Structural results center on central simple algebra classification such as the Brauer group correspondence between equivalence classes of central simple algebras and cohomology classes in Galois cohomology, with seminal inputs from Richard Brauer and Emmy Noether. The Skolem–Noether theorem characterizes automorphisms of simple algebras, while the Albert–Brauer–Hasse–Noether theorem addresses splitting behavior over global fields. For division algebras finite over their center, the reduced norm and reduced trace provide invariants analogous to determinant and trace in matrix theory, linking to results by John von Neumann and applications in operator algebra contexts involving von Neumann algebra classification. The Noether–Skolem theorem and Wedderburn theorem constrain possible algebra structures; the Ore condition governs the formation of classical rings of fractions in noncommutative settings and is pivotal for constructing division rings from domains, a technique used in Ore extension theory and in examples studied by Øystein Ore.
Vector spaces over skew fields are right- or left-modules whose dimension notions require sidedness; the concept of basis and linear independence generalize with the caveat that linear maps correspond to matrices over a division ring with multiplication order sensitivity, yielding a theory of linear algebra adapted to noncommutativity used in the study of projective space over division rings and in Baer–Kaplansky theorem contexts. The classification of simple modules over central simple algebras ties to Morita equivalence and the Jacobson density theorem characterizes endomorphism rings of simple modules as dense subrings of endomorphism rings over division rings, an approach central to Jacobson radical studies and to structure theory developed by Nathan Jacobson. Concepts such as determinant require the reduced norm for matrices over division algebras, influencing representation theory for algebraic groups and automorphic forms where division algebras supply local components.

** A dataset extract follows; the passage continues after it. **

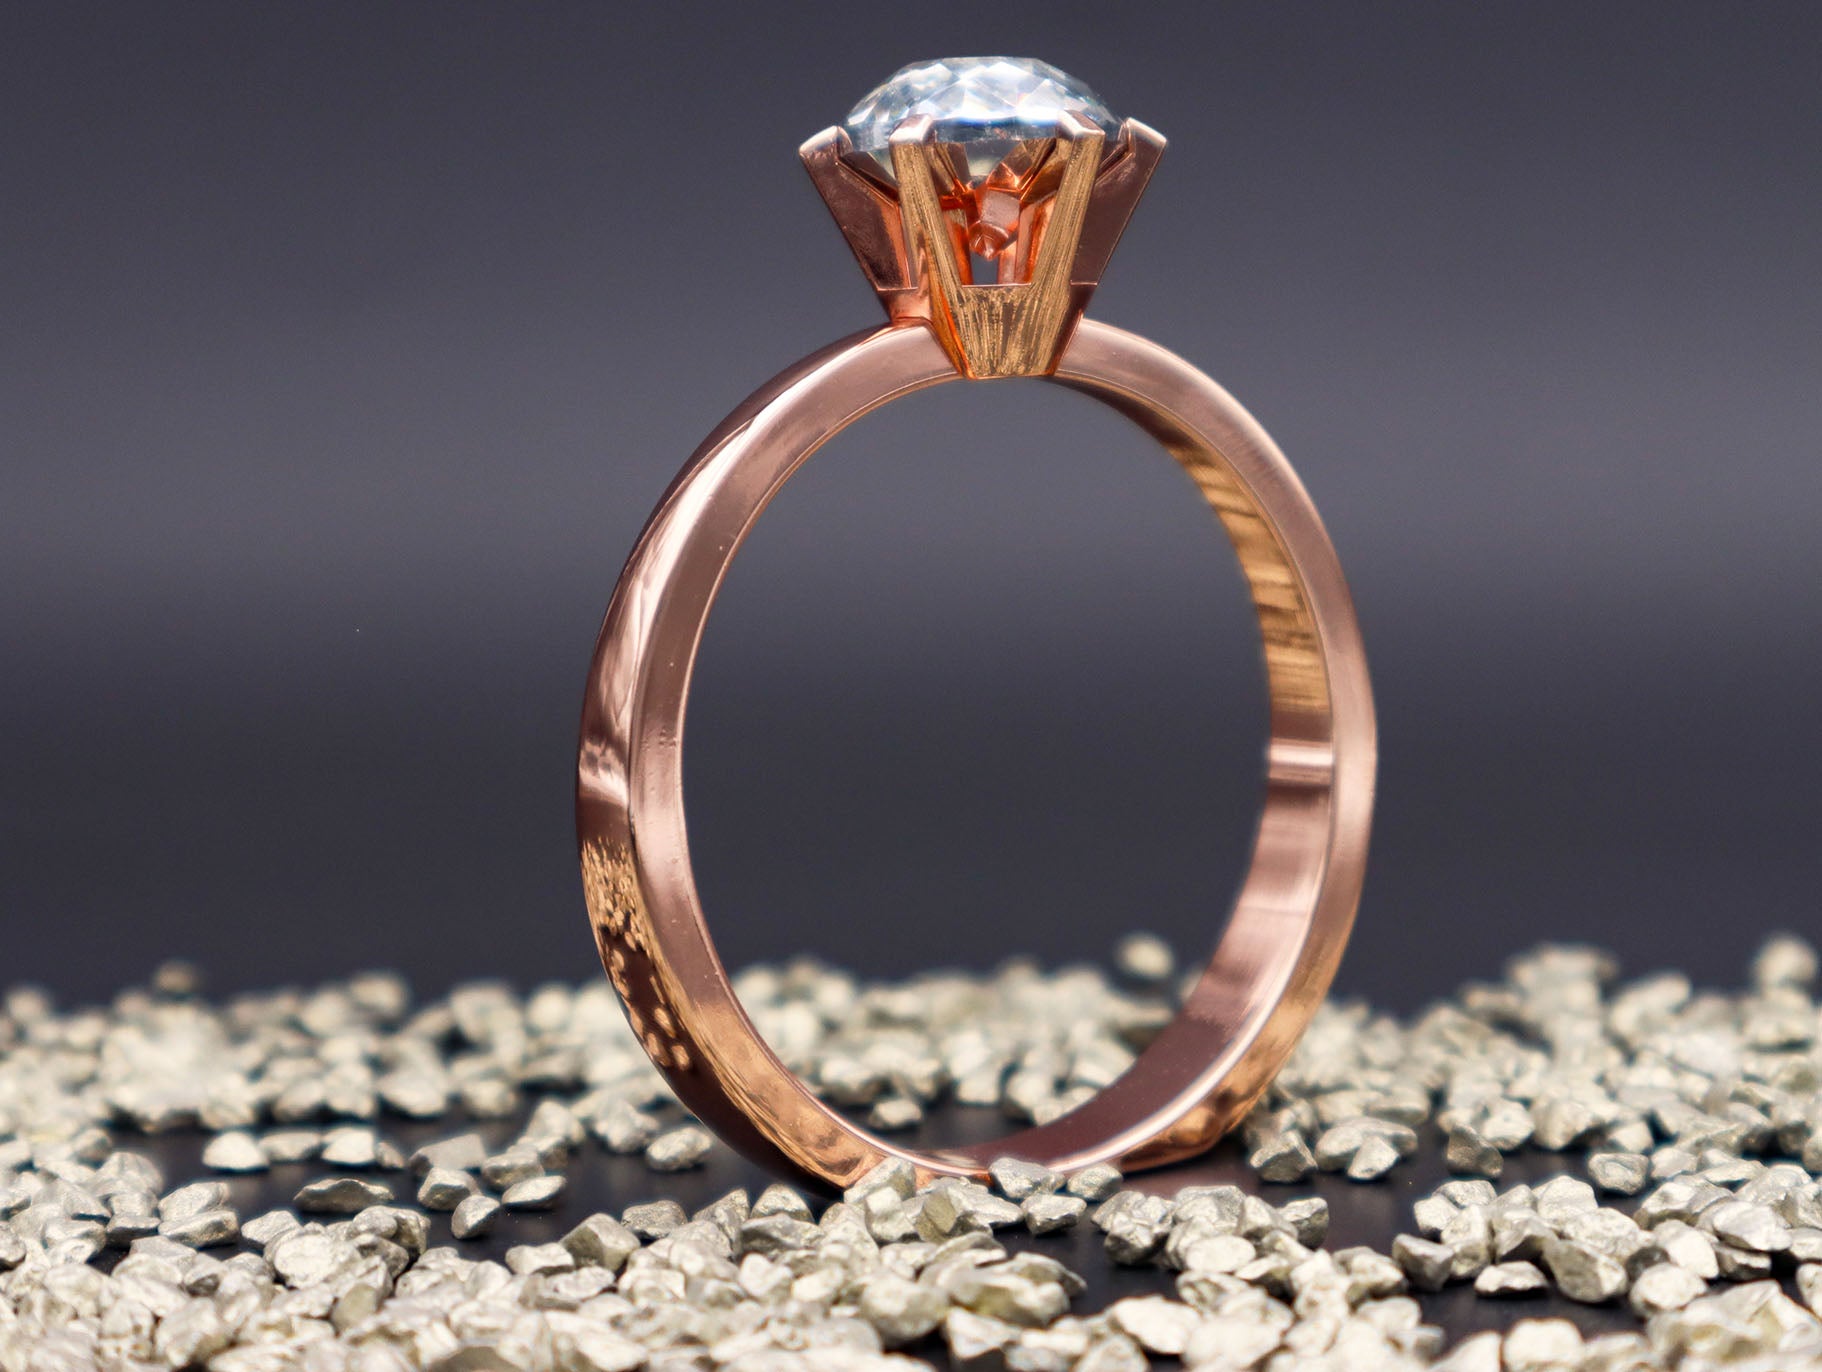 XXL Diamantring mit großem Kristall by SYH in Silber, Gold oder Roségold 8.5 cm

Historically, the discovery of the quaternions by William Rowan Hamilton in the 19th century inaugurated the systematic study of noncommutative division algebras, influencing later work by Richard Dedekind, Emmy Noether, and Richard Brauer. Skew fields appear in classical projective geometry over division rings studied by H.S.M. Coxeter and in modern applications to coding theory and space-time block code design where cyclic division algebras contribute constructions used in telecommunications engineering. In number theory, central division algebras classify via the Brauer group with ramifications for class field theory and the Hasse principle; in representation theory and harmonic analysis, division algebras underpin local component analysis for automorphic representation theory tied to the work of Robert Langlands. Operator algebra contexts relate to the role of division rings in the classification of factors and to noncommutative geometry initiatives associated with Alain Connes.